There’s no doubt Rubio was the catalyst for Phoenix on Thursday. His strong first half opened up the game for Deandre Ayton to bang in the paint for a season-high 26 points and a career-high 21 rebounds. Rubio and Ayton subsequently cleared the way for Devin Booker to score 17 of his 29 points in the second half.

All in all, the trio of Rubio, Booker, and Ayton combined for 80 of Phoenix’s 121 points. Again, the Knicks had absolutely no answer for this group.

As Knicks interim head coach Mike Miller put it, the Knicks were “behind plays” all night.

“We talked about taking things away and we didn’t take anything away,” Miller said after the game. “We were behind plays. We made a big emphasis on transition defense and rebounding and we thought from early on we weren’t sharp in those areas.”

Was this an issue about a lack of effort or simply poor execution? Miller wouldn’t outright say that the team’s effort was lackluster, but it’s easy enough to read between the lines.

“When we look out and see that we are behind the actions like that we have to play at a higher speed to be able to force something and take something away,” Miller admitted. “We didn’t do enough of that, we weren’t able collectively to take anything away or put any kind of pressure on their offense.”

Perhaps more frustrating than the loss itself is the fact that the Suns are in the same boat as the Knicks. Both squads are trying to develop a consistent winning culture with a bunch of young guys and some veterans peppered in the mix. Unfortunately for the Madison Square Garden crowd, the Suns look miles ahead in terms of reaching a final destination.

Marcus Morris Sr. understands what it’s like to play for winning teams and he knows when something isn’t right. The veteran pulled no punches after the game, citing the team’s effort as a reason for the loss.

“Our energy level is not where it’s supposed to be,” Morris told reporters in the locker room. “X’s and O’s, at the end of the day that only goes so far. Our energy just hasn’t been where it needs to be. We are halfway through the season, you would expect us to be more together and tighter, but at times we are pulling apart when we should be bringing it together.”

That’s concerning coming from the nine-year vet. Miller was a bit more measured with his response to the questions about the team’s effort, but Morris’ candor is more in line with reality. At the midway point of the season, the Knicks are 11-31 and on pace to surpass their 17-win total from last season.

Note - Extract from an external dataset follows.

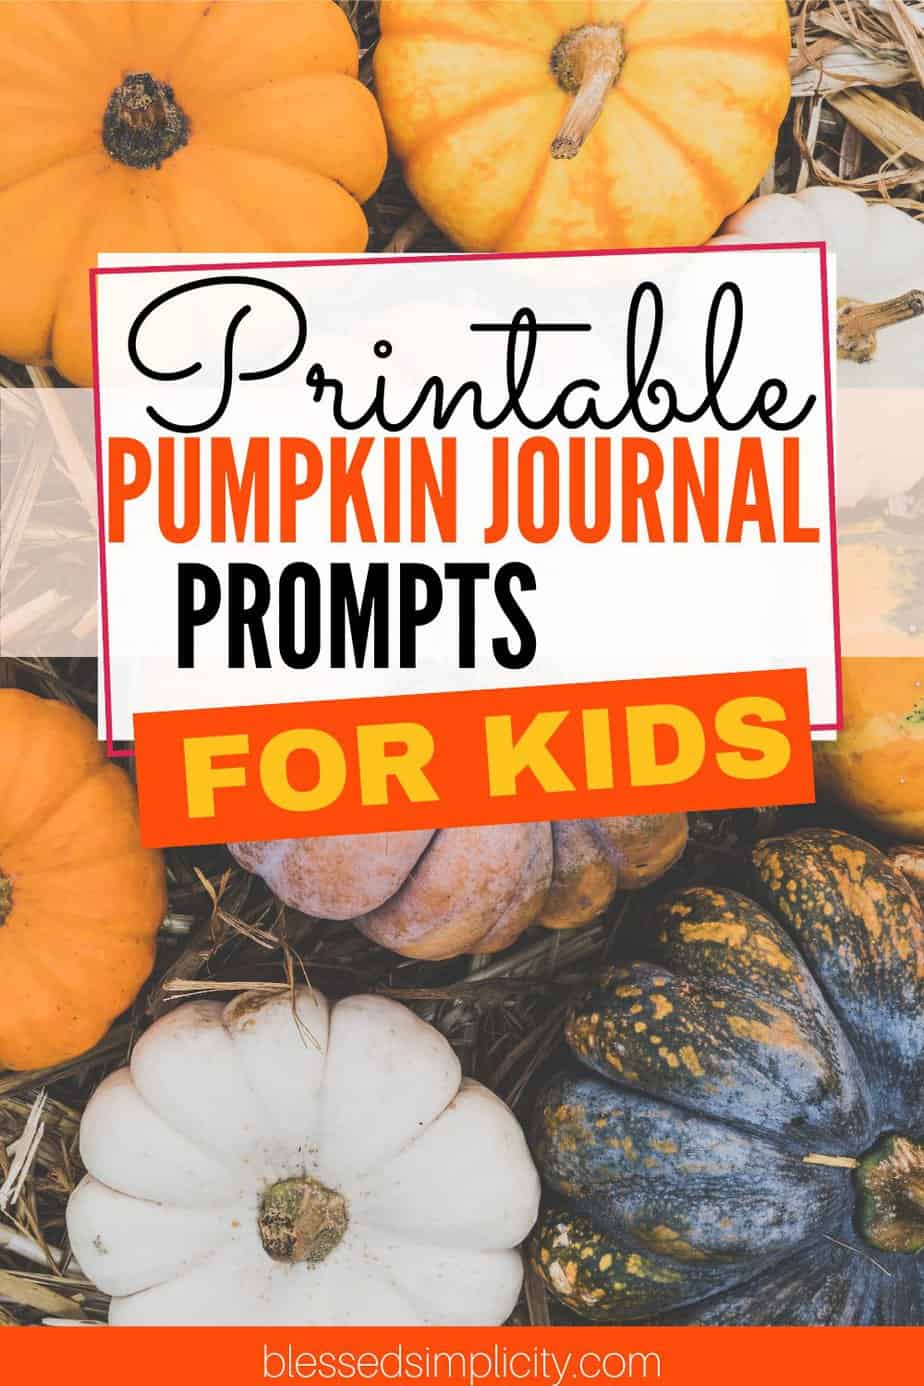 Pumpkin Journal Prompts for Kids

Technically, that would constitute forward progress, but is it really? This team was supposed to compete and protect the Garden. They were billed as a bunch of “dogs” but that couldn’t be further from the truth right now.

“We are trying to do the same thing the Knicks are trying to do. We have young teams,” Williams said after the win. “They work hard. This is a really good organization. People are always taking shots at them. I played here, it’s a first-class place. We’re both trying to do the same thing. It’s hard to win in this league and everybody wants success right away. You guys [media] want it too, it’s really hard.

“We’re not doing anything different than them. Everybody can appreciate the Knicks because it’s New York, it’s the Mecca of basketball and at some point, if they continue to do what they are doing right now, they play hard every night, they play in the paint, they have good guys on their team, I think they are going to figure it out. We’re no different than the Knicks.”

These are kind words from Phoenix’s bench boss and a former Knick, but the two teams could not have looked more different on Thursday night. It’s back to the drawing board for Miller and the Knicks as they prepare for the Philadelphia 76ers on Saturday, a team they haven’t beaten since April of 2017.